Towards Generalist Intelligence in Dentistry: Vision Foundation Models for Oral and Maxillofacial Radiology
- URL: http://arxiv.org/abs/2510.14532v1
- Date: Thu, 16 Oct 2025 10:24:23 GMT
- Title: Towards Generalist Intelligence in Dentistry: Vision Foundation Models for Oral and Maxillofacial Radiology
- Authors: Xinrui Huang, Fan Xiao, Dongming He, Anqi Gao, Dandan Li, Xiaofan Zhang, Shaoting Zhang, Xudong Wang,
- Abstract summary: DentVFM is the first family of vision foundation models (VFMs) designed for dentistry.<n>It generates task-agnostic visual representations for a wide range of dental applications.<n>It shows impressive generalist intelligence, demonstrating robust generalization to diverse dental tasks.

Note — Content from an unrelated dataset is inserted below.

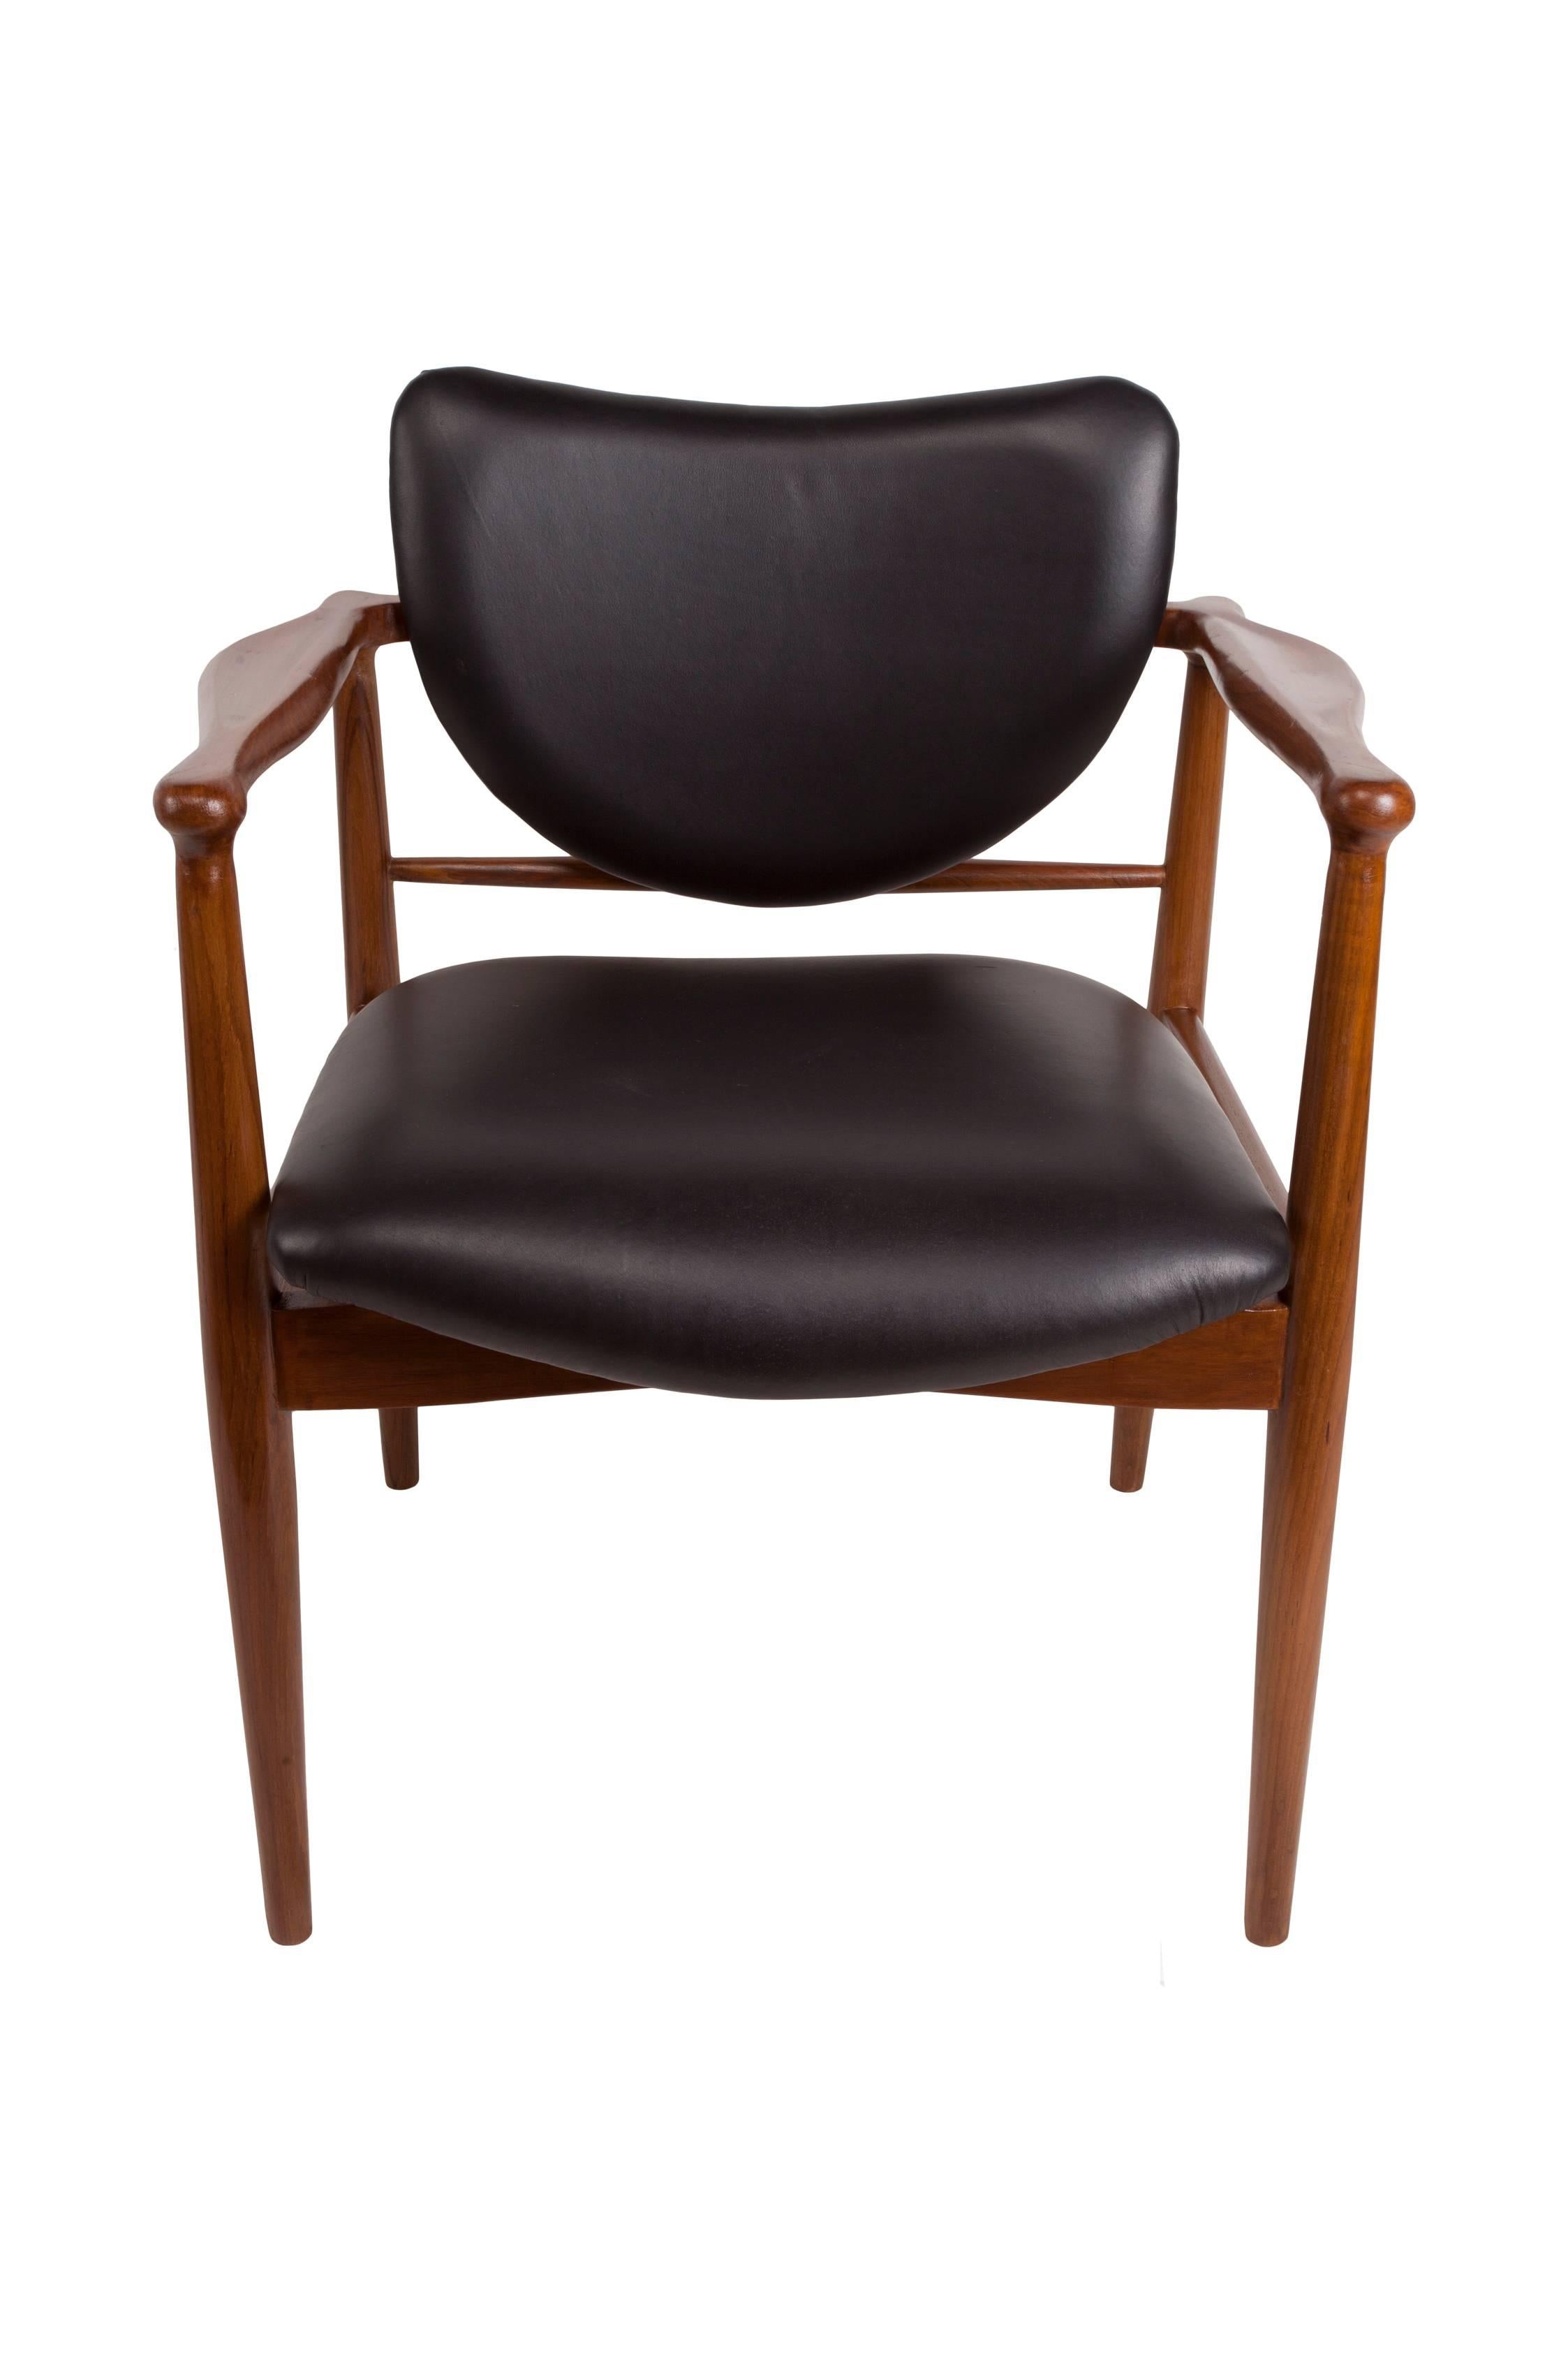 Fabulous Danish Mid-Century Modern teak and black leather chair attributed to Finn Juhl for Baker. Great design and style, refinished and very comfortable. Leather upholstery redone. Great style, great lines.  Makes a great desk chair too.

 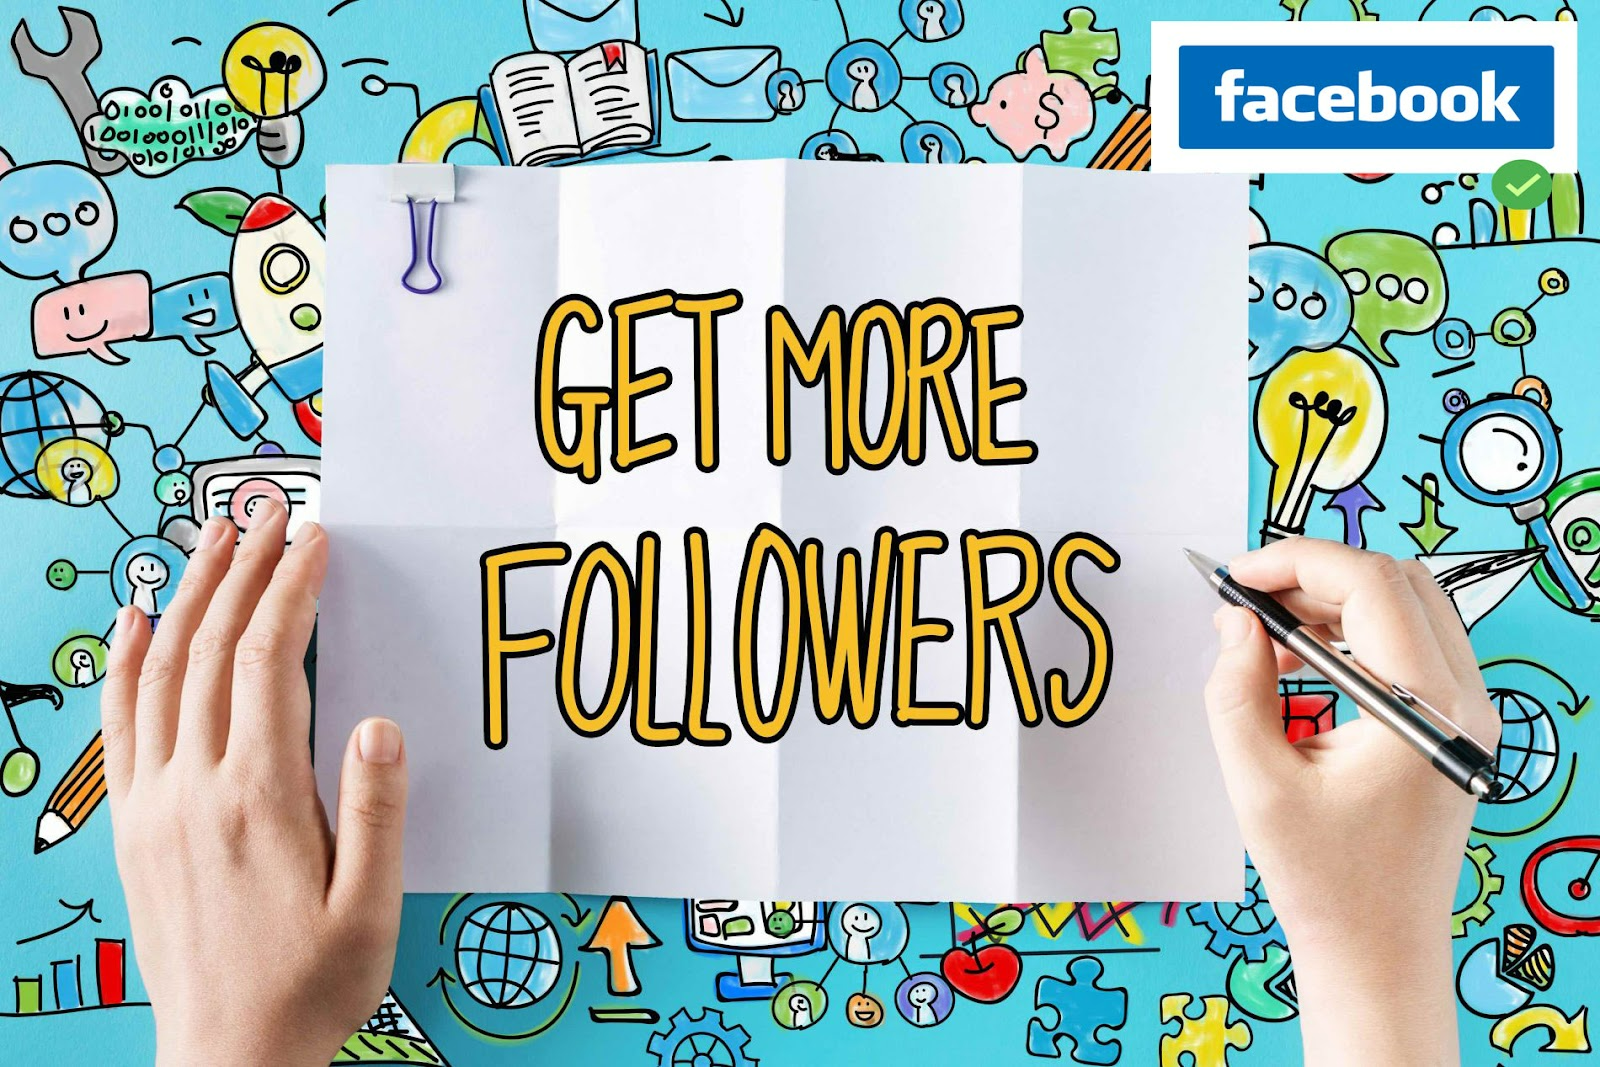 How To Increase Follower’s Facebook Page?

- Score: 22.124686092997717
- License: http://arxiv.org/licenses/nonexclusive-distrib/1.0/
- Abstract: Oral and maxillofacial radiology plays a vital role in dental healthcare, but radiographic image interpretation is limited by a shortage of trained professionals. While AI approaches have shown promise, existing dental AI systems are restricted by their single-modality focus, task-specific design, and reliance on costly labeled data, hindering their generalization across diverse clinical scenarios. To address these challenges, we introduce DentVFM, the first family of vision foundation models (VFMs) designed for dentistry. DentVFM generates task-agnostic visual representations for a wide range of dental applications and uses self-supervised learning on DentVista, a large curated dental imaging dataset with approximately 1.6 million multi-modal radiographic images from various medical centers. DentVFM includes 2D and 3D variants based on the Vision Transformer (ViT) architecture. To address gaps in dental intelligence assessment and benchmarks, we introduce DentBench, a comprehensive benchmark covering eight dental subspecialties, more diseases, imaging modalities, and a wide geographical distribution. DentVFM shows impressive generalist intelligence, demonstrating robust generalization to diverse dental tasks, such as disease diagnosis, treatment analysis, biomarker identification, and anatomical landmark detection and segmentation. Experimental results indicate DentVFM significantly outperforms supervised, self-supervised, and weakly supervised baselines, offering superior generalization, label efficiency, and scalability. Additionally, DentVFM enables cross-modality diagnostics, providing more reliable results than experienced dentists in situations where conventional imaging is unavailable. DentVFM sets a new paradigm for dental AI, offering a scalable, adaptable, and label-efficient model to improve intelligent dental healthcare and address critical gaps in global oral healthcare.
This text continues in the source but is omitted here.